Task-Agnostic Undesirable Feature Deactivation Using Out-of-Distribution Data

Part of Advances in Neural Information Processing Systems 34 (NeurIPS 2021)

Bibtex Paper Reviews And Public Comment » Supplemental


Dongmin Park, Hwanjun Song, Minseok Kim, Jae-Gil Lee


A deep neural network (DNN) has achieved great success in many machine learning tasks by virtue of its high expressive power. However, its prediction can be easily biased to undesirable features, which are not essential for solving the target task and are even imperceptible to a human, thereby resulting in poor generalization. Leveraging plenty of undesirable features in out-of-distribution (OOD) examples has emerged as a potential solution for de-biasing such features, and a recent study shows that softmax-level calibration of OOD examples can successfully remove the contribution of undesirable features to the last fully-connected layer of a classifier.
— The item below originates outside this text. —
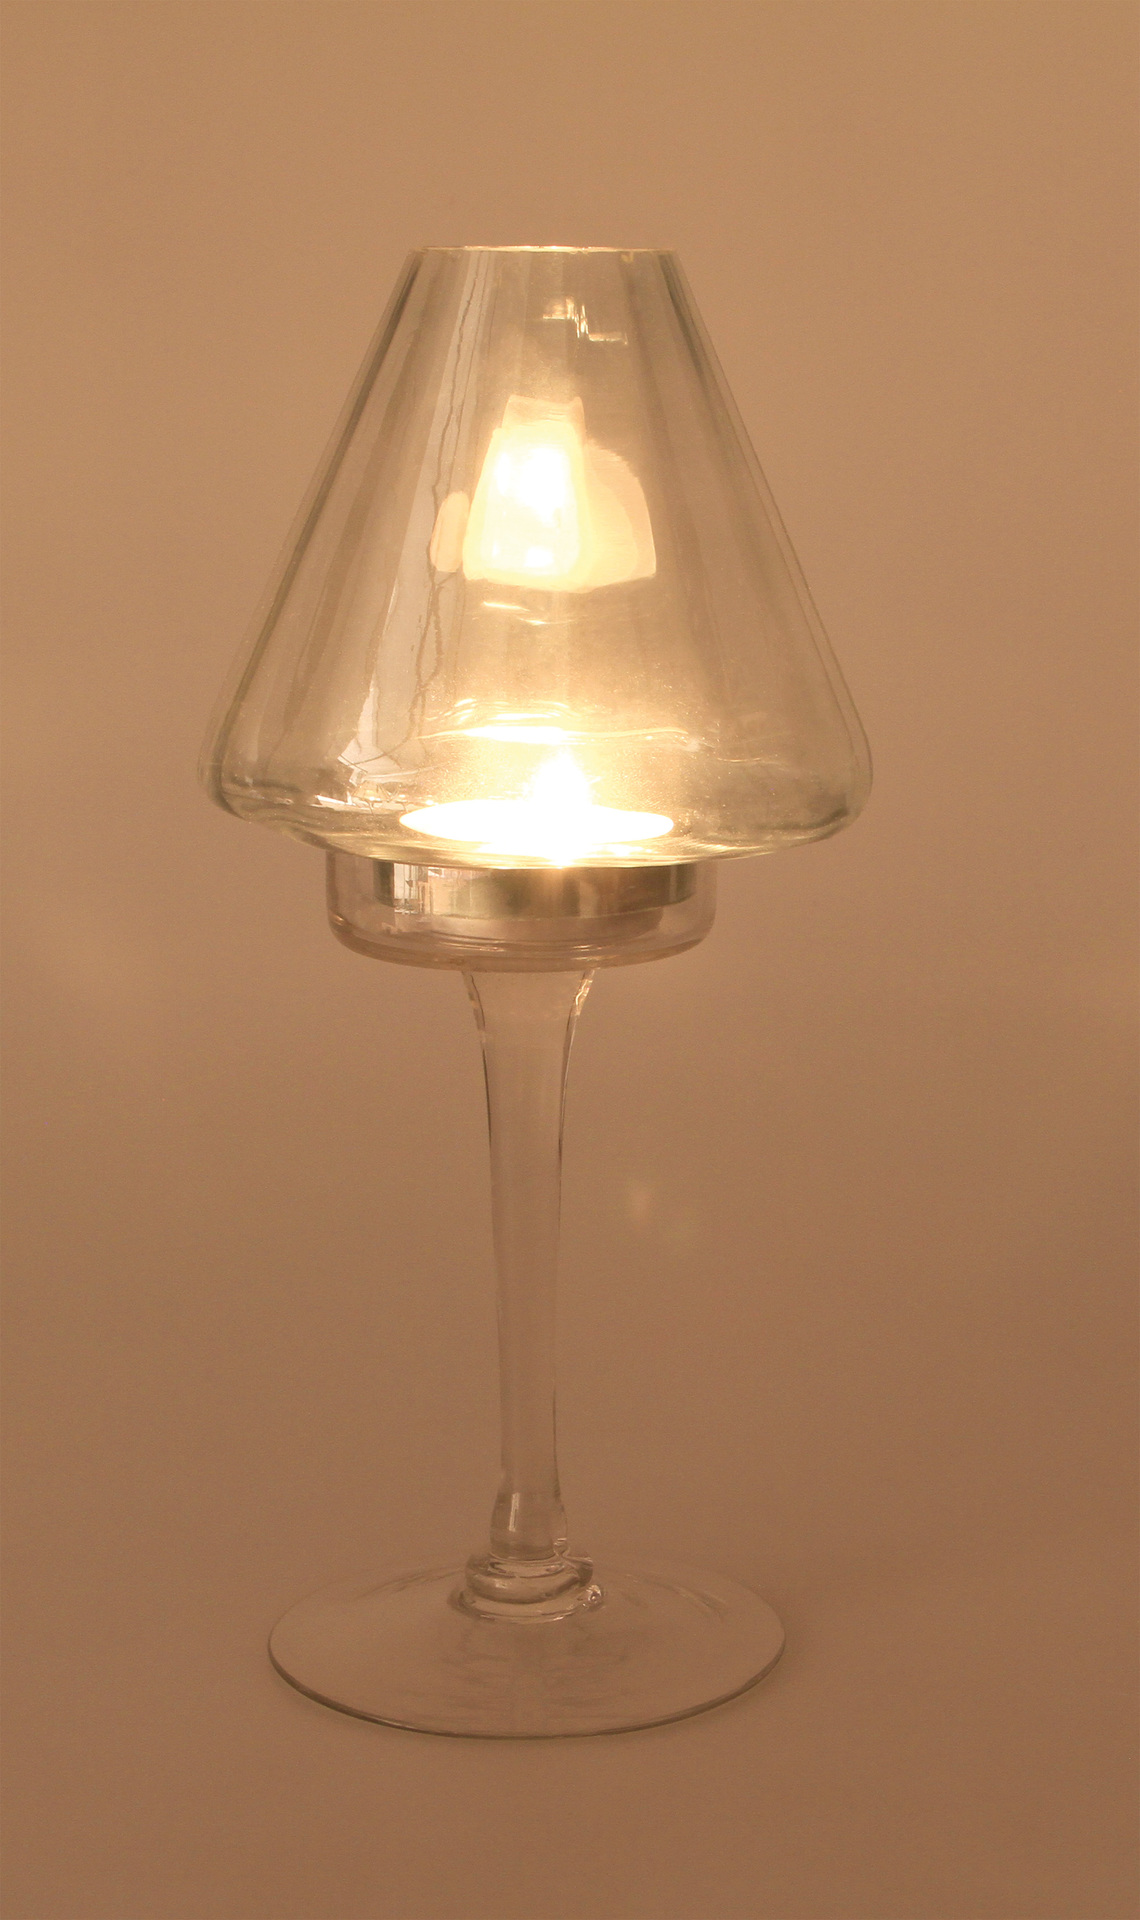 Elegantný svietnik v tvare lampičky
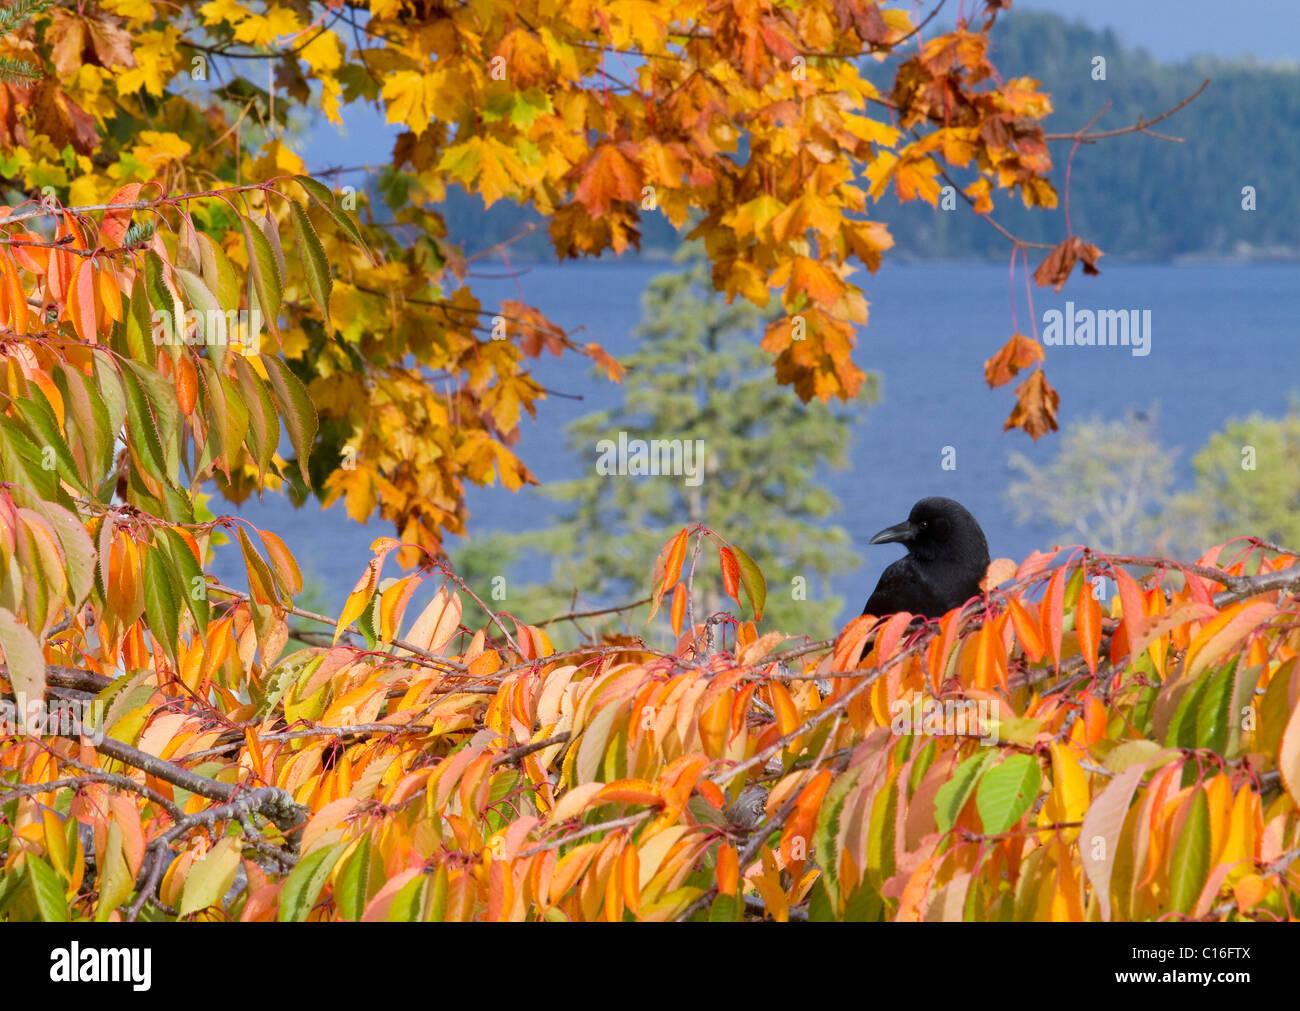 Krähe saß auf Ast mit goldenen Blättern mit Blick auf Hardy Bay Vancouver Island Stockbild

However, its applicability is confined to the classification task, and its impact on a DNN feature extractor is not properly investigated. In this paper, we propose Taufe, a novel regularizer that deactivates many undesirable features using OOD examples in the feature extraction layer and thus removes the dependency on the task-specific softmax layer. To show the task-agnostic nature of Taufe, we rigorously validate its performance on three tasks, classification, regression, and a mix of them, on CIFAR-10, CIFAR-100, ImageNet, CUB200, and CAR datasets. The results demonstrate that Taufe consistently outperforms the state-of-the-art method as well as the baselines without regularization.